● **Task instructions**: From the line containing "Man In Suit Silhouette Png" through the last line of the data, both ends included, write out every line exactly; omit the pictures.
:: Data excerpt ::
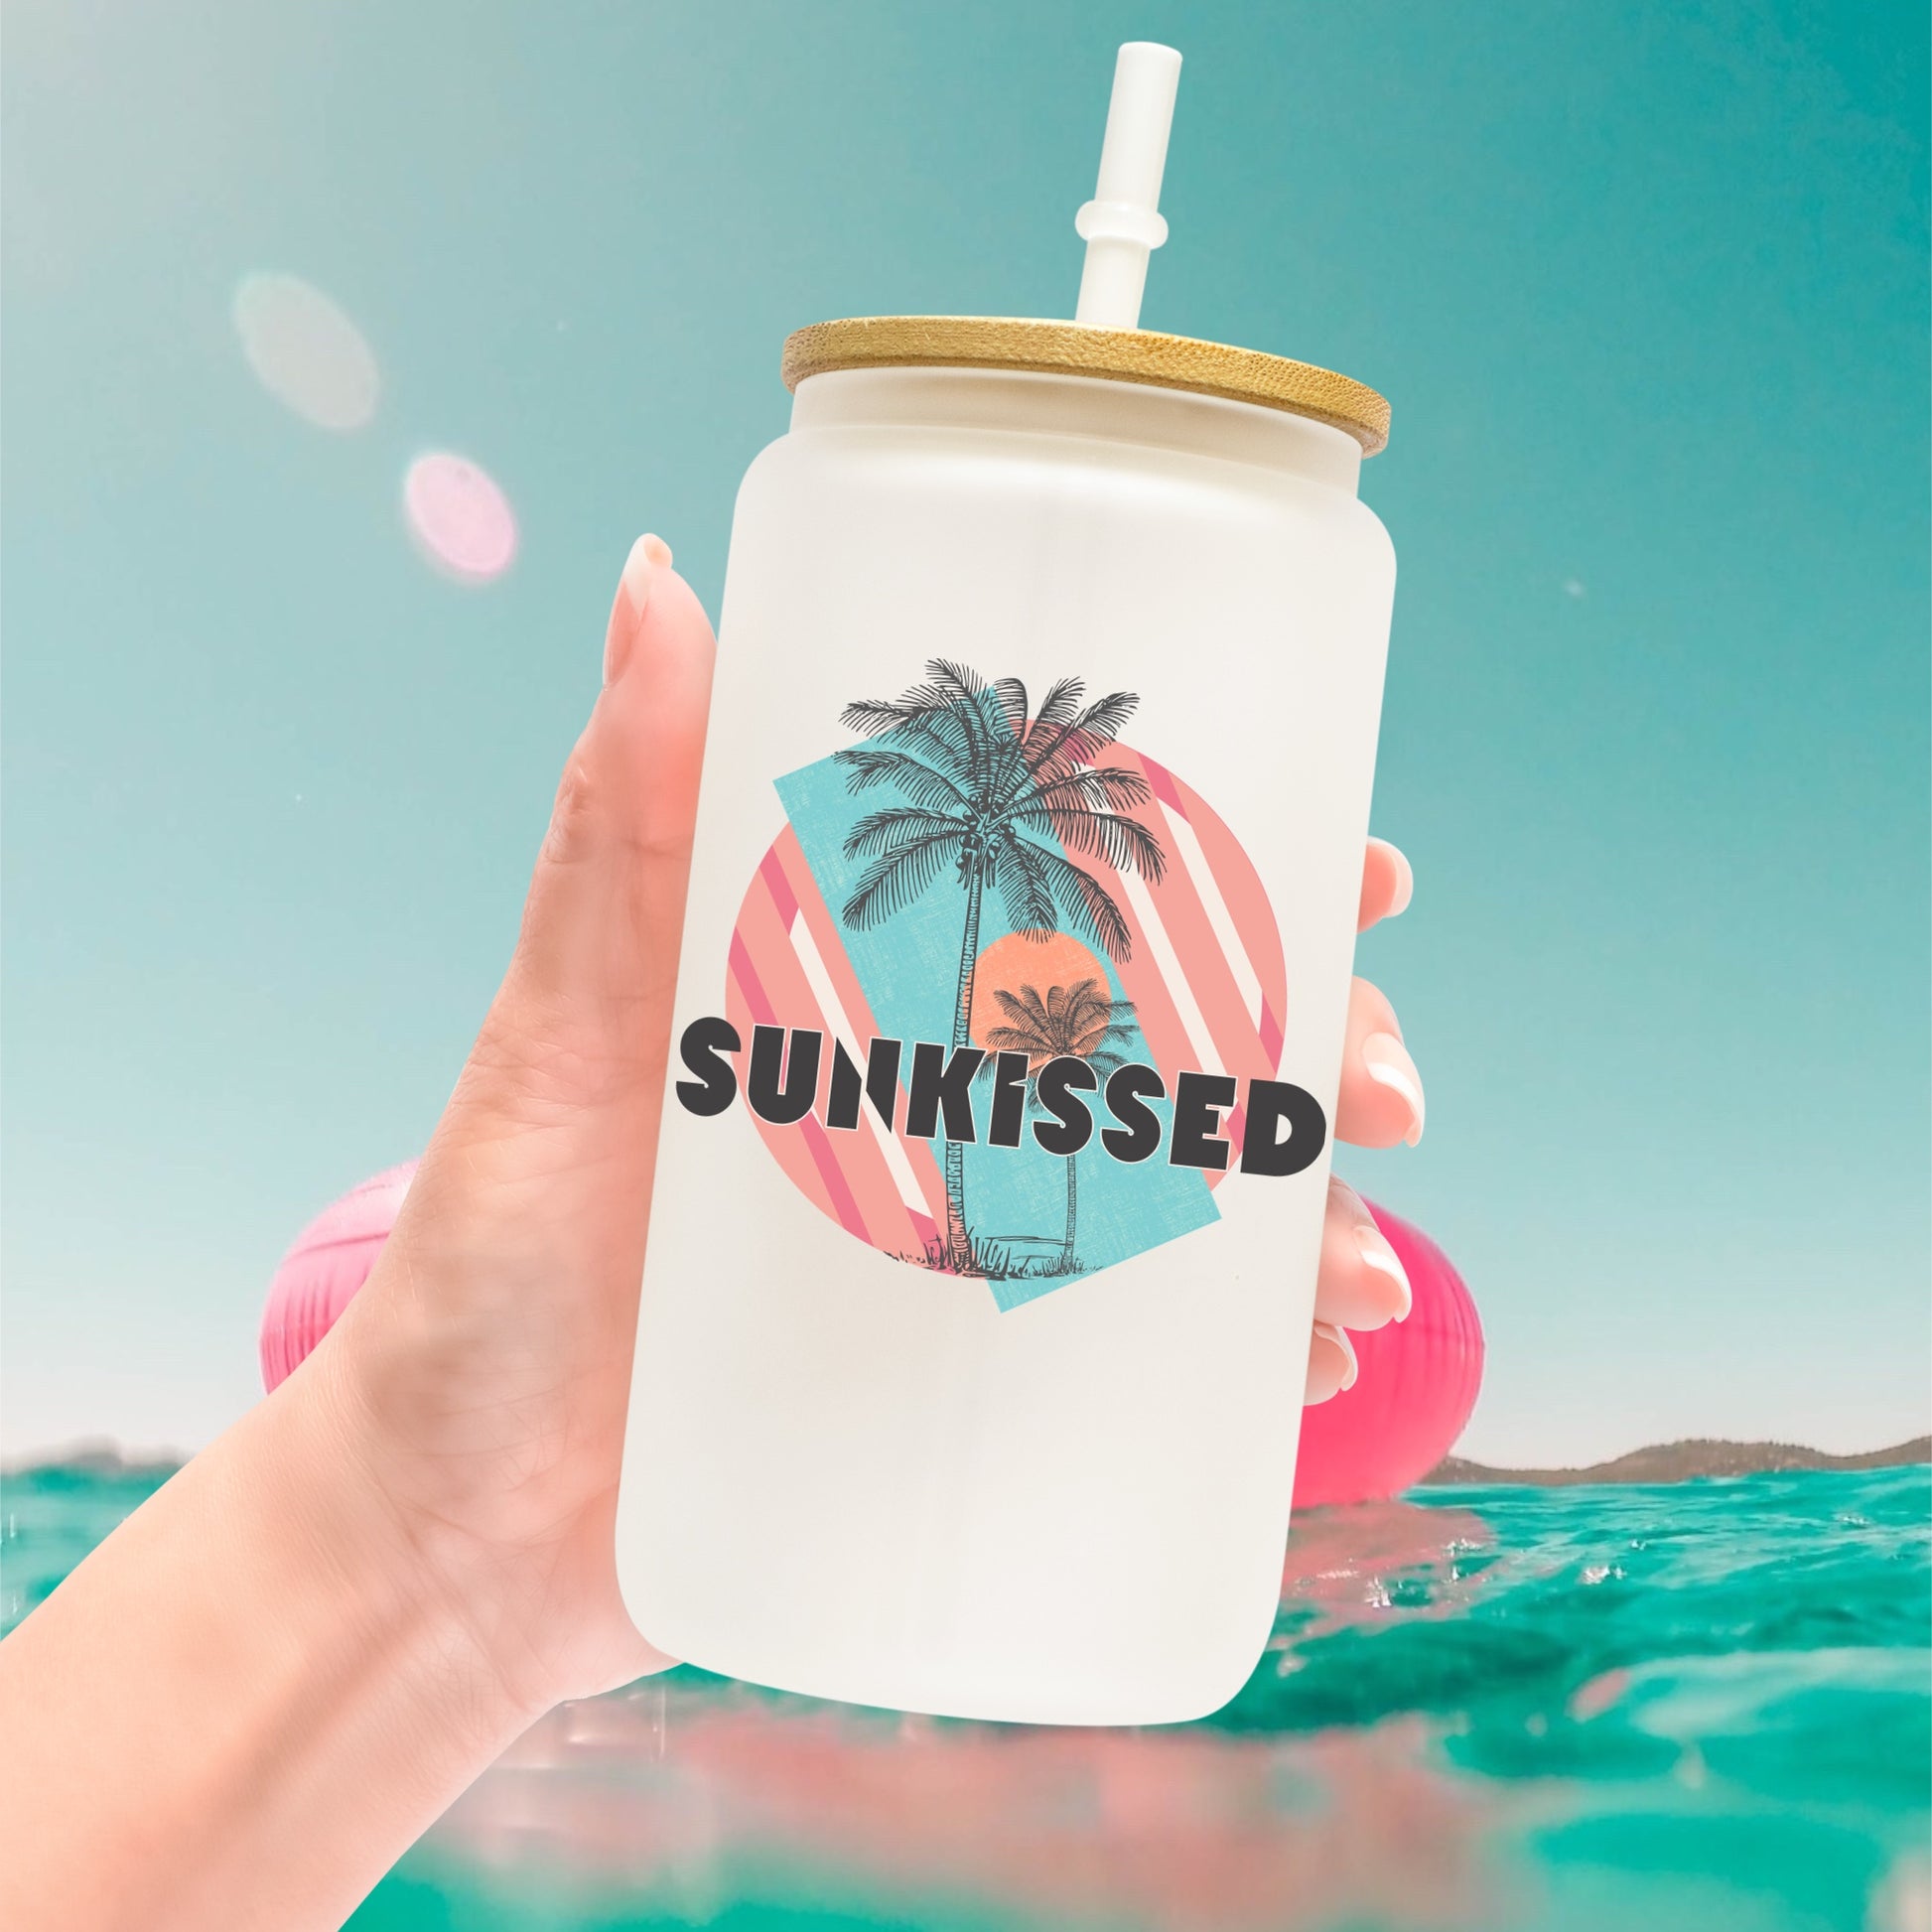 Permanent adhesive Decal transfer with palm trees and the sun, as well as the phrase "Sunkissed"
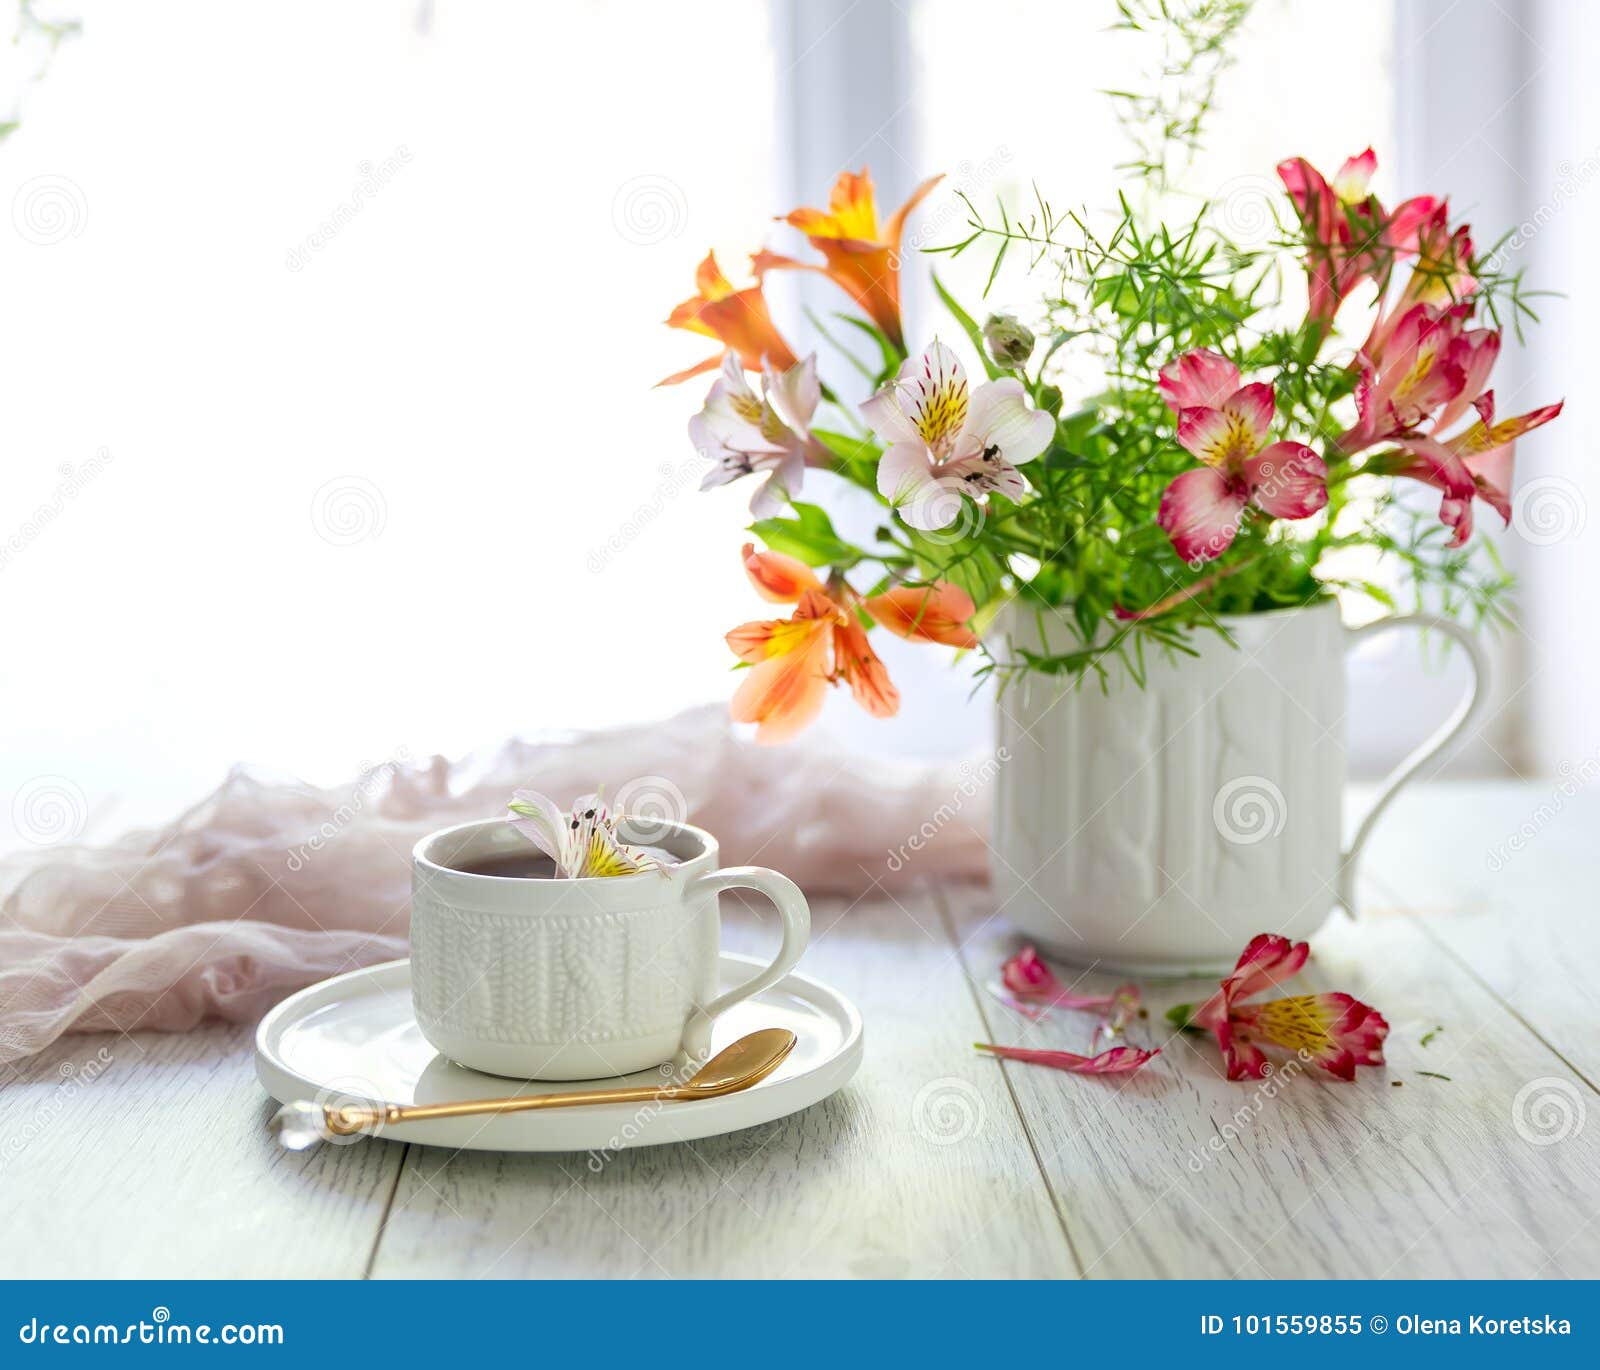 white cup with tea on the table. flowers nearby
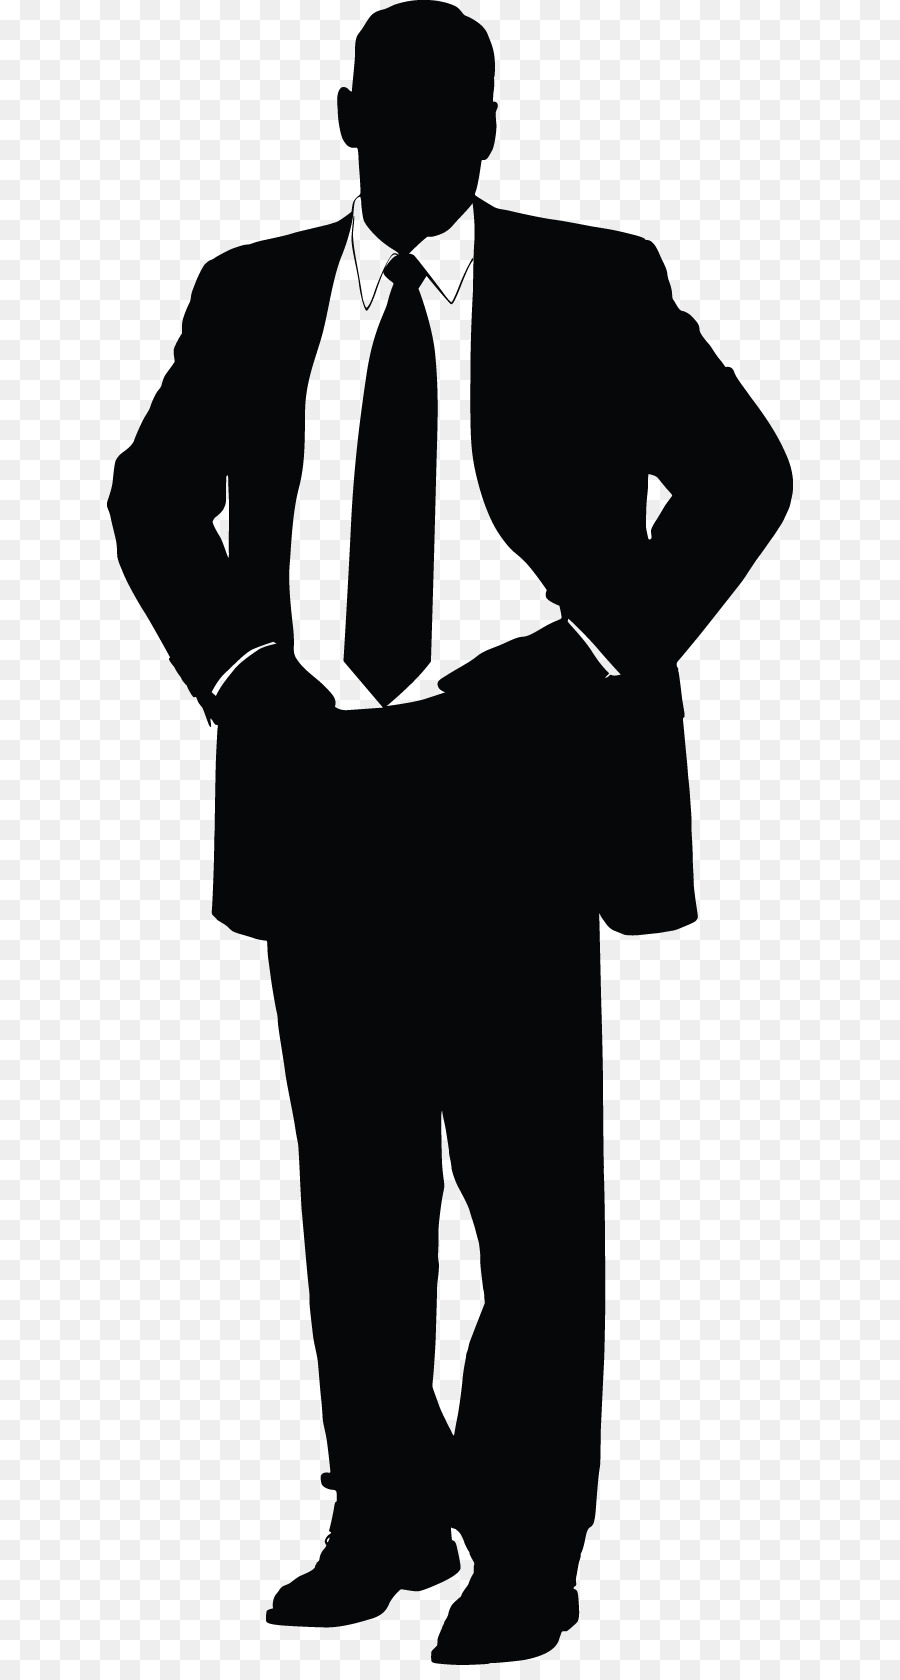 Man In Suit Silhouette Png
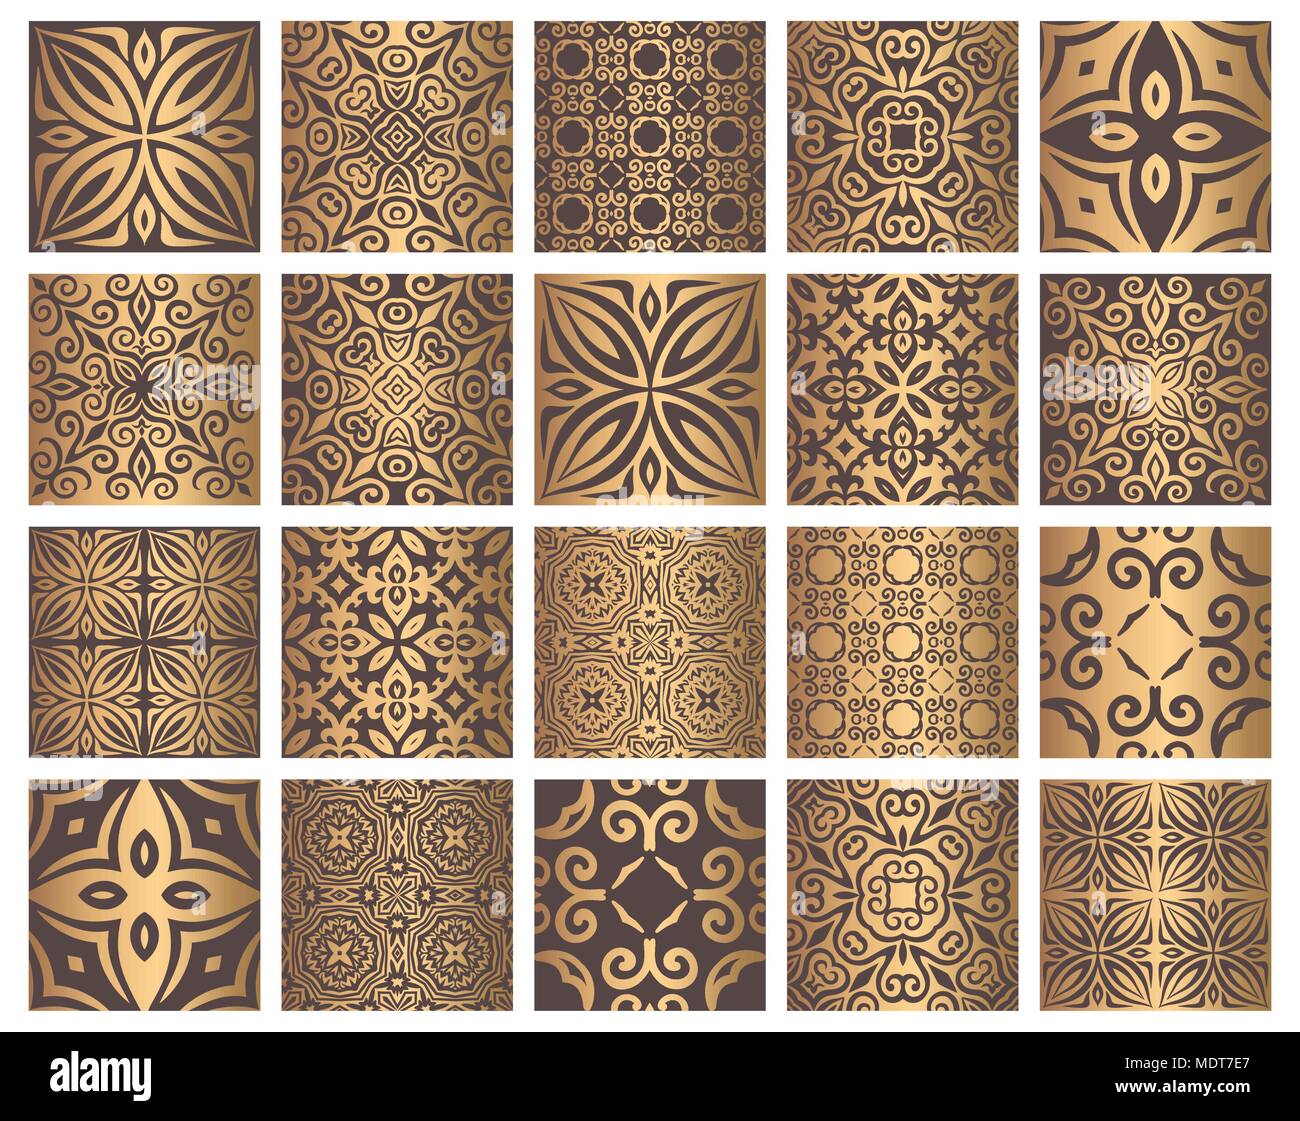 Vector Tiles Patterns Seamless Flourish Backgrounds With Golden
:::
● **Answer to the problem**:
 Man In Suit Silhouette Png
 Vector Tiles Patterns Seamless Flourish Backgrounds With Golden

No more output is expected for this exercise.